Somebody threw away a thin client and I found it. Yay!


----------



## kpedersen (Dec 14, 2013)

Nice. Is that a SunRay?


----------



## sossego (Dec 14, 2013)

No. it's an HP HSTNC-003-TC. It has the powerbrick sans outlet; but, since I have plenty of three slot ground plugs common to older desktops and that is what's needed then it should be working soon.
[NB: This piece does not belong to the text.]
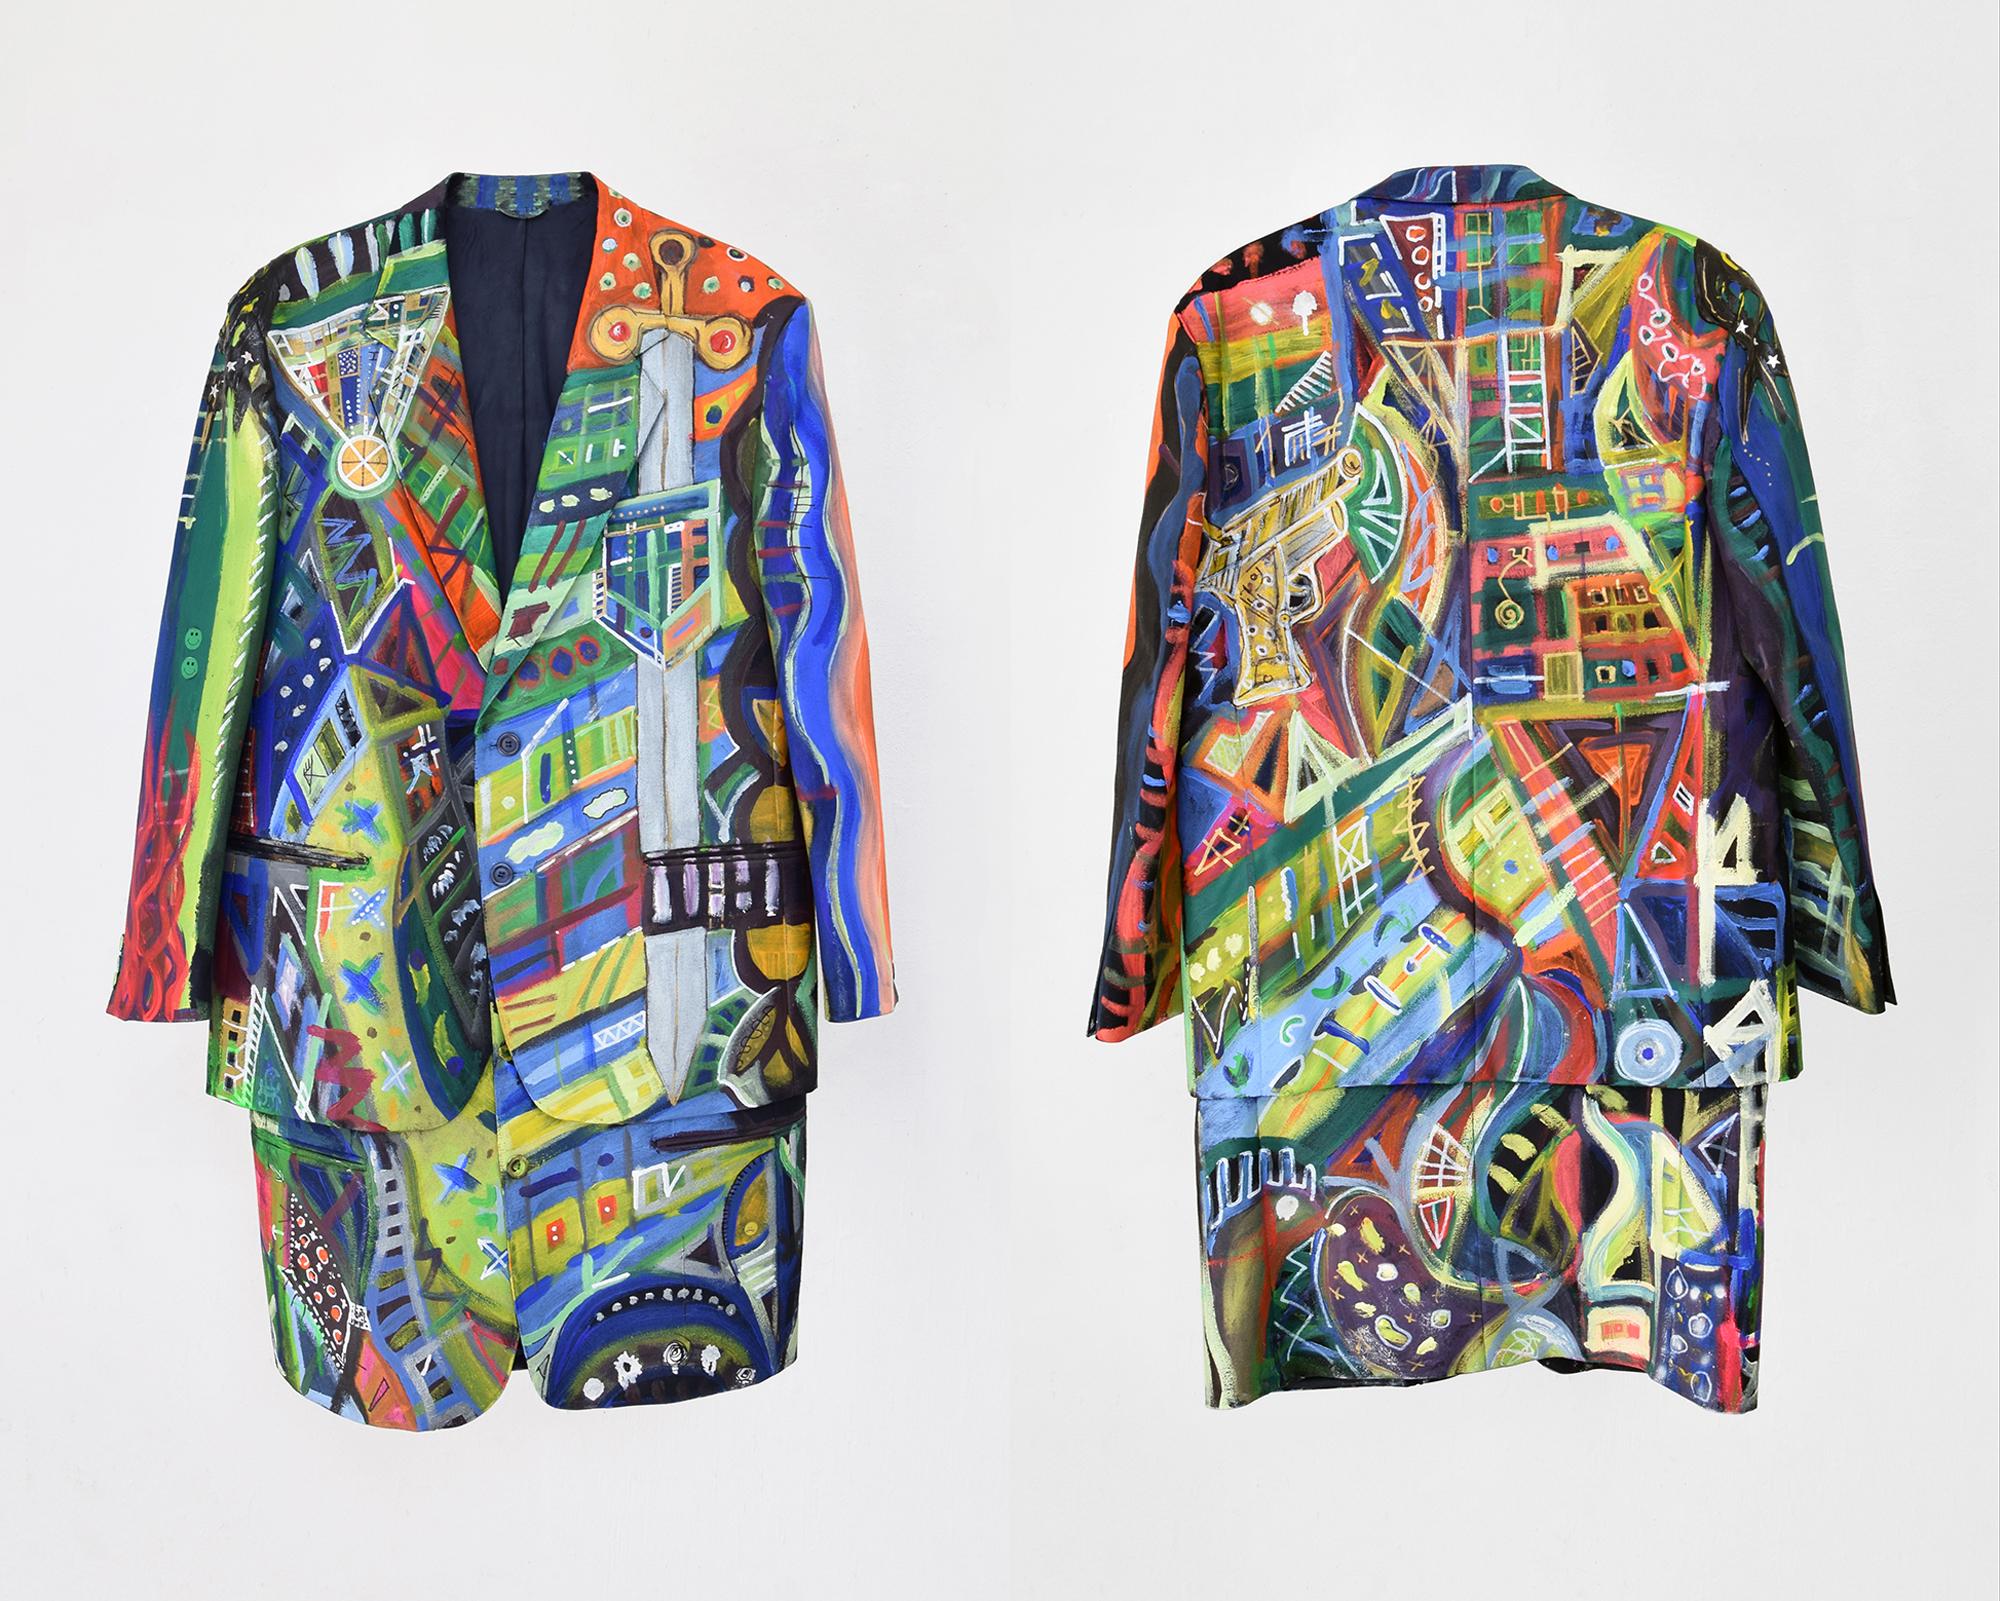 Vestito di Luce (spada) Luca Bosani 2017 Painthing

Let's hope the BIOS and other parts are good to go.


----------



## wblock@ (Dec 14, 2013)

It's i386, not ARM.  Which is good, IMO.  It might be possible to remove the drive, back it up, install FreeBSD, then reinstall.  Maybe not.  HP has BIOS updates for it on their ever-worse support site.
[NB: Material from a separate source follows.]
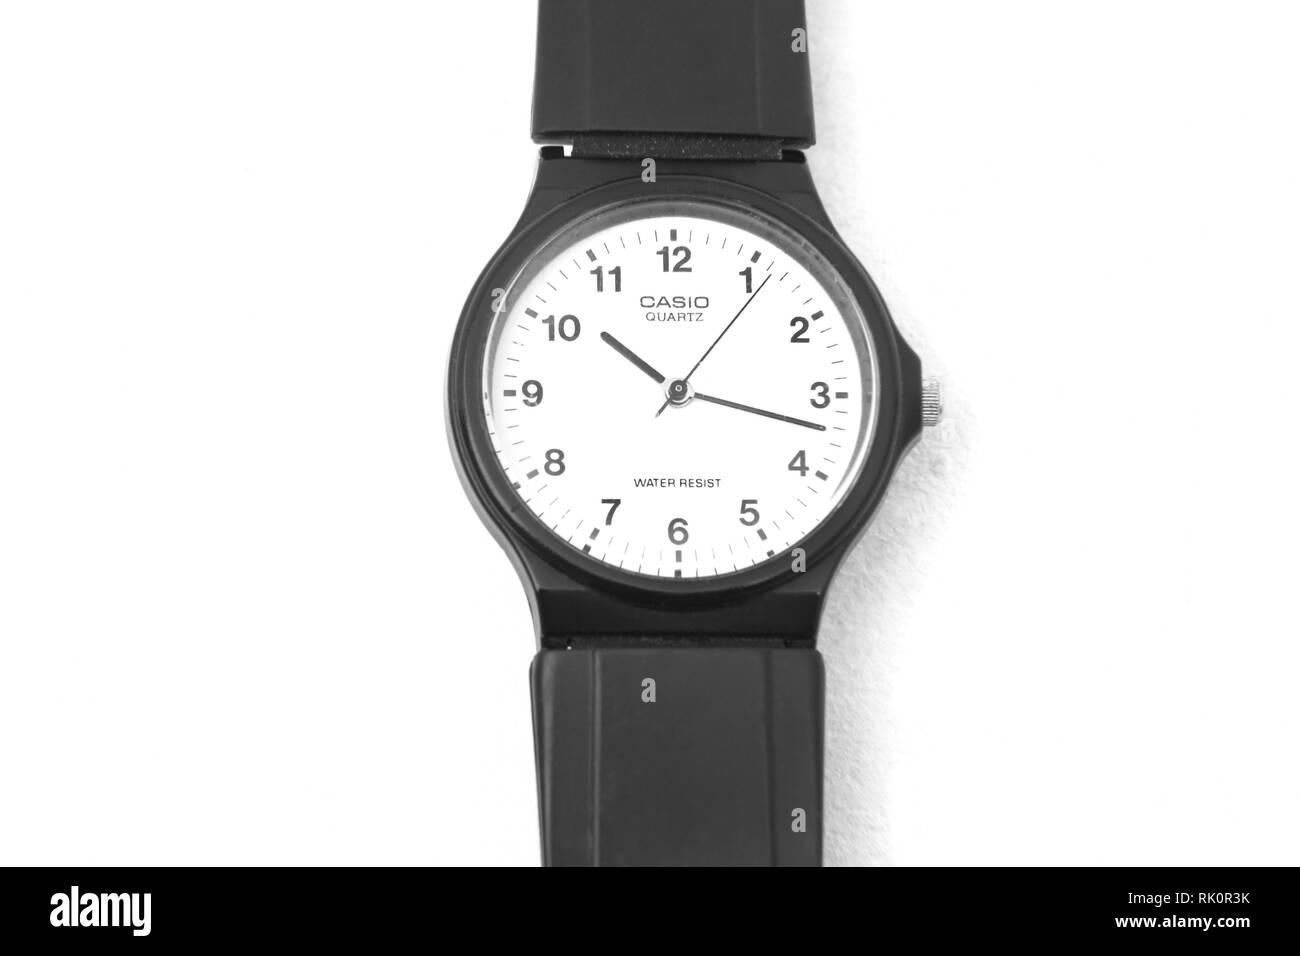 Casio Quartz Water Resistant Watch with Black Strap - Stock Image

Sempron 2100, about like an Atom for performance.  Gigabit Ethernet is nice.  Two normal and two "secure" USB ports, whatever that means.


----------



## DutchDaemon (Dec 14, 2013)

Secure USB ports are inside the case, so you have to open the case to get access.


----------



## sossego (Dec 15, 2013)

I need a better screwdriver considering the only type carried by me are jeweler's type. There is an accessible PCI slot for an expansion. Perhaps a riser card could be installed?  Once it's opened, then the type of flash memory will be known.  Of course, I'm going to need to ask a friend if it is possible to use their place to test my equipment with an available monitor, keyboard, and mouse.


----------